Second Unitarian Church, corner Mercer and Prince Sts., Manhattan. John and Sophia came from New Bedford to be married here the evening of 27 March 1827.


Wilmington & Liverpool Packet left New Bedford again in late August 1827 with John Briggs at the helm for the last time. Not to make suggestions where they don't belong, but Luther must have been desperate at the idea of his father leaving again, this time faced, maybe, with living with a woman who was, essentially, a stranger. An obituary (very likely written by his son Luther, Jr.) says he ran away from school and went to sea.29 This sounds like it might be a tall tale, but it turns out to be true, and his father was his accomplice. John had a similar experience, losing his own mother and gaining a new one when he was a boy, so he may have understood Luther's emotional state more than other fathers would.

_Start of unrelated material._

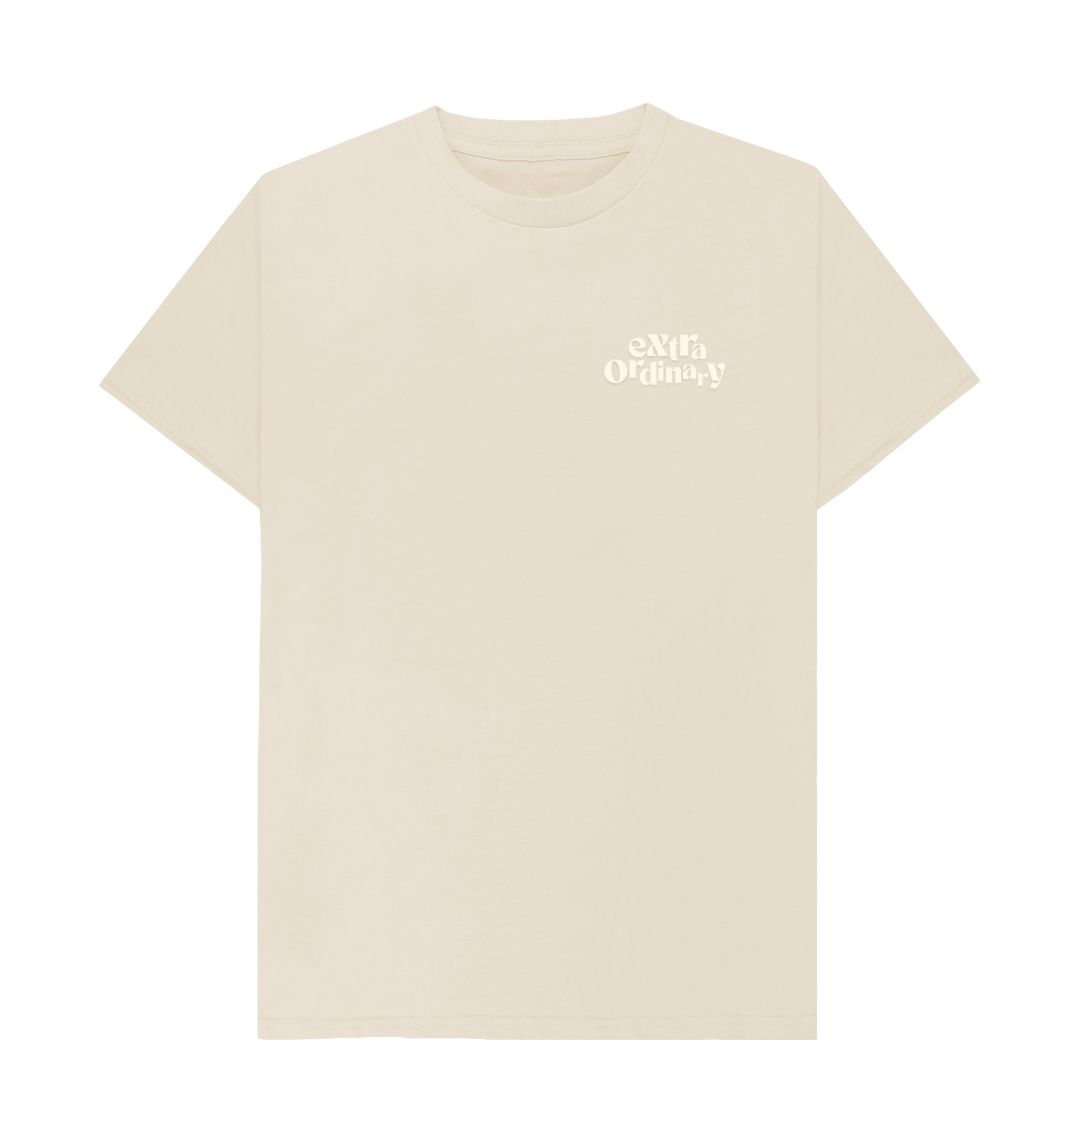 Oat EXTRA ORDINARY TITLE Tee

John took him to the Customs House, lied about his age and had protection papers drawn up for him, which was standard for seamen on commercial trips. He then brought him on board W & L Packet, maybe for the position of "boy." This must have appealed to John also after having his family disapppear one by one while he was away.




(coll. of National Archives & Records Adm., Waltham, MA)

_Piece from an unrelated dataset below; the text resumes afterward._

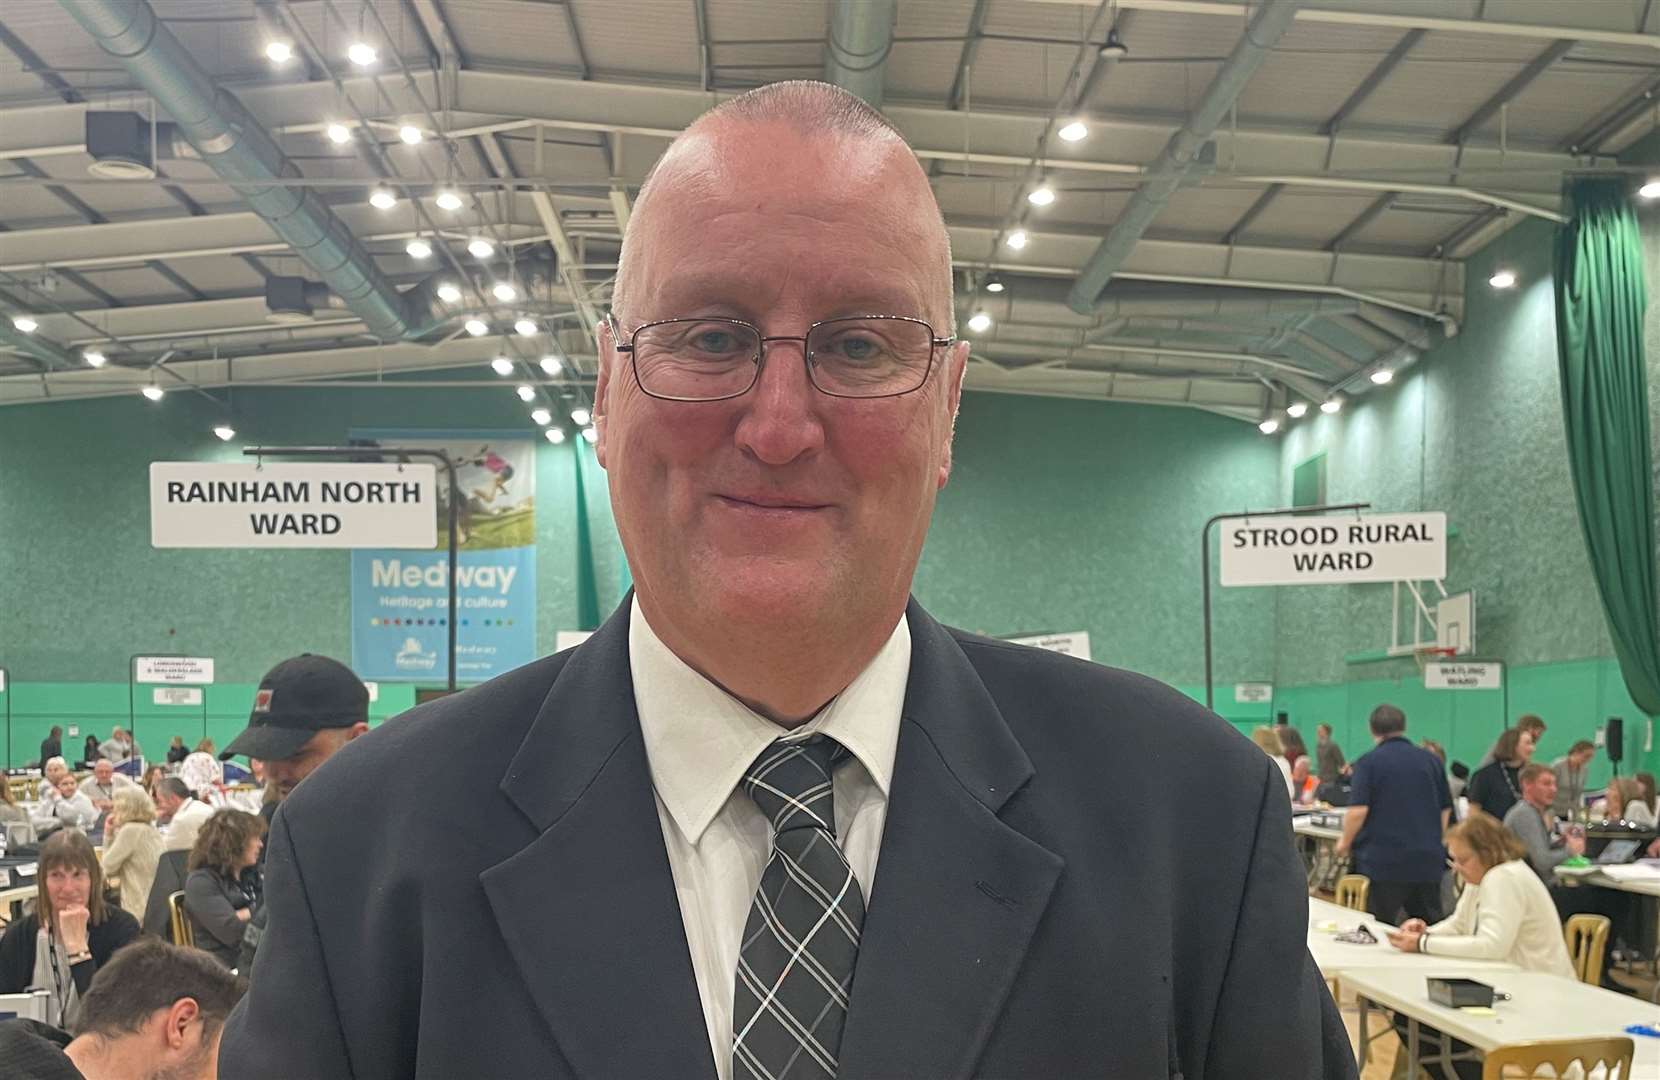 Independent councillor Chris Spalding dedicated his victory to former councillor Mike Pendergast, who died in 2022

a Proof of Citizenship, customary for whaling seamen, was arranged for Luther just before W & L P S left New Bedford in 1827



Luther's correct age, 13, was changed to 14

W. & L. Packet was hauled off its wharf in New Bedford by 24 August 1827 and was out of port by the 31st.30 They arrived in the waters around Oahu in March 1828. It was reported there again in April 1829, according to a logbook for the ship Plough Boy.31 This appearance at ports was fairly predictable. Whalers tended to "refresh" and get new supplies in spring and fall. Within the space of about a year-and-a-half, John and his crew produced 1200 barrels of oil.32 They had undoubtedly gone from Hawaii over to the Sea of Japan, which had become a very popular whaling ground.
     The ship certainly later sailed for the Sea of Japan with the Plough Boy. Another 1000 barrels were produced in the last half of 1829.33 Plough Boy sailed back to Oahu, then to the Society Islands - perhaps John did as well, since this was a well-traveled route for whalers. John set sail for New Bedford in late March 1830 from Talcahuano, Chile (another popular whaling port) and was back home a month later with 2800 barrels of oil.34 Luther was now 16 and fully exposed to a whaler's life and some exotic locales.

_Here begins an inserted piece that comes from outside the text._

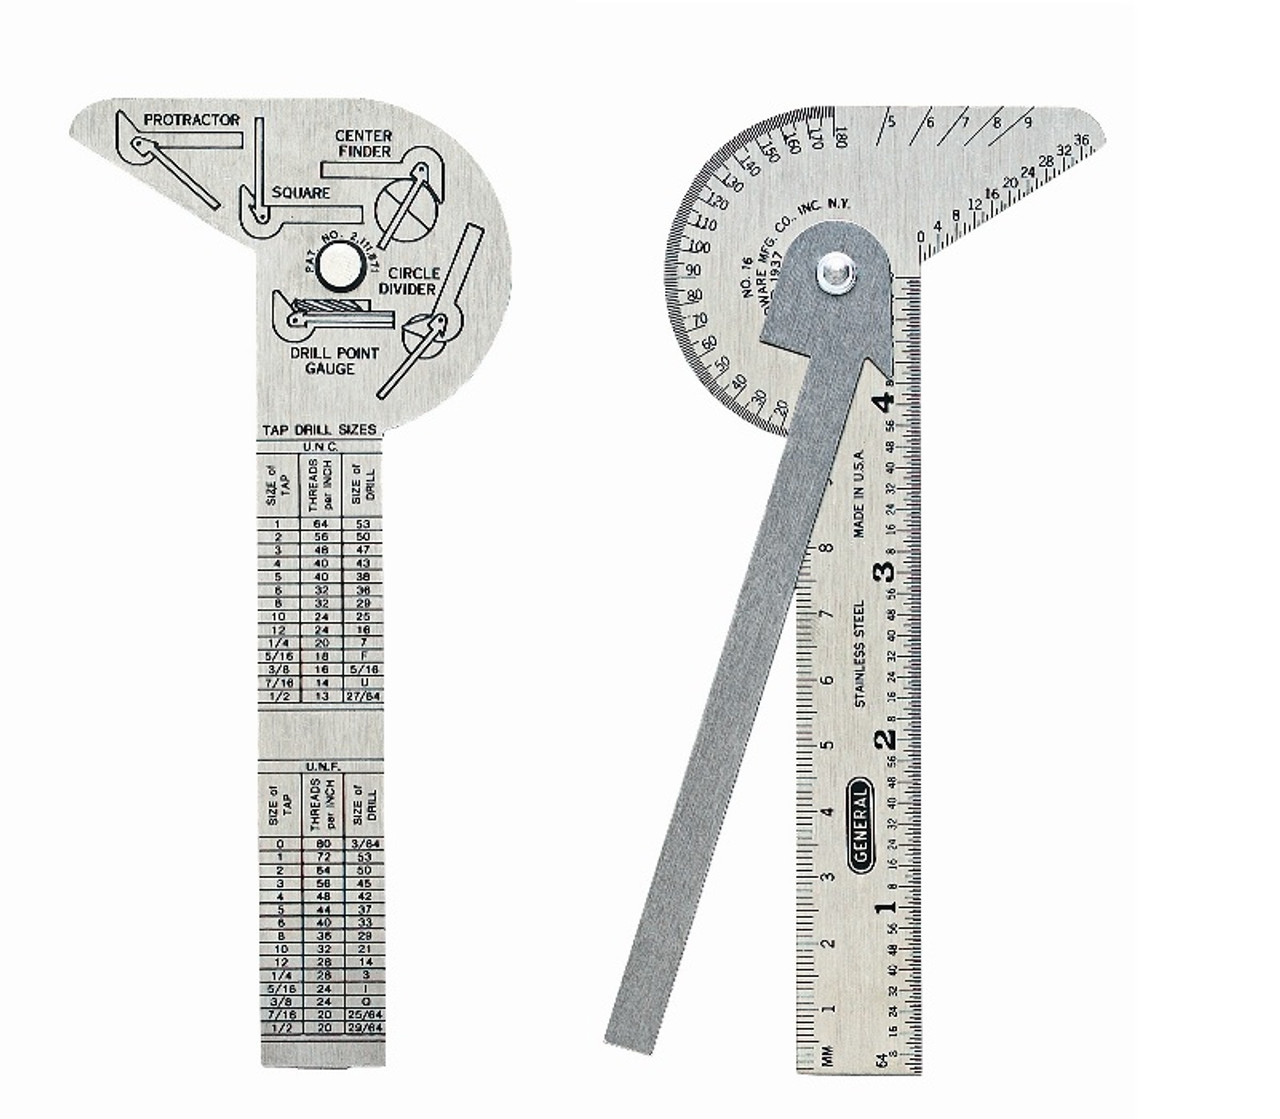 General ANGLE-IZER Pocket-Sized 6-In-1 Multi Use Ruler/Gauge with 4" Ruler, Etched Graduations in 64ths of an Inch and Millimeters 16ME

Library of Congress "American Memory" website

"View of the Island of Woahoo
[Oahu] in the Pacific as Viewed by C. E. Bensell in 1821"


On one of these W & L Packet trips, John Briggs is credited with possibly "discovering" the tiny island of Laysan, also known as Kauo, in the Hawaiian archipelago. More about this can be found on this page.





from "Jane's Oceana" site (http://www.janeresture.com/laysan/), taken from a report made in 1923.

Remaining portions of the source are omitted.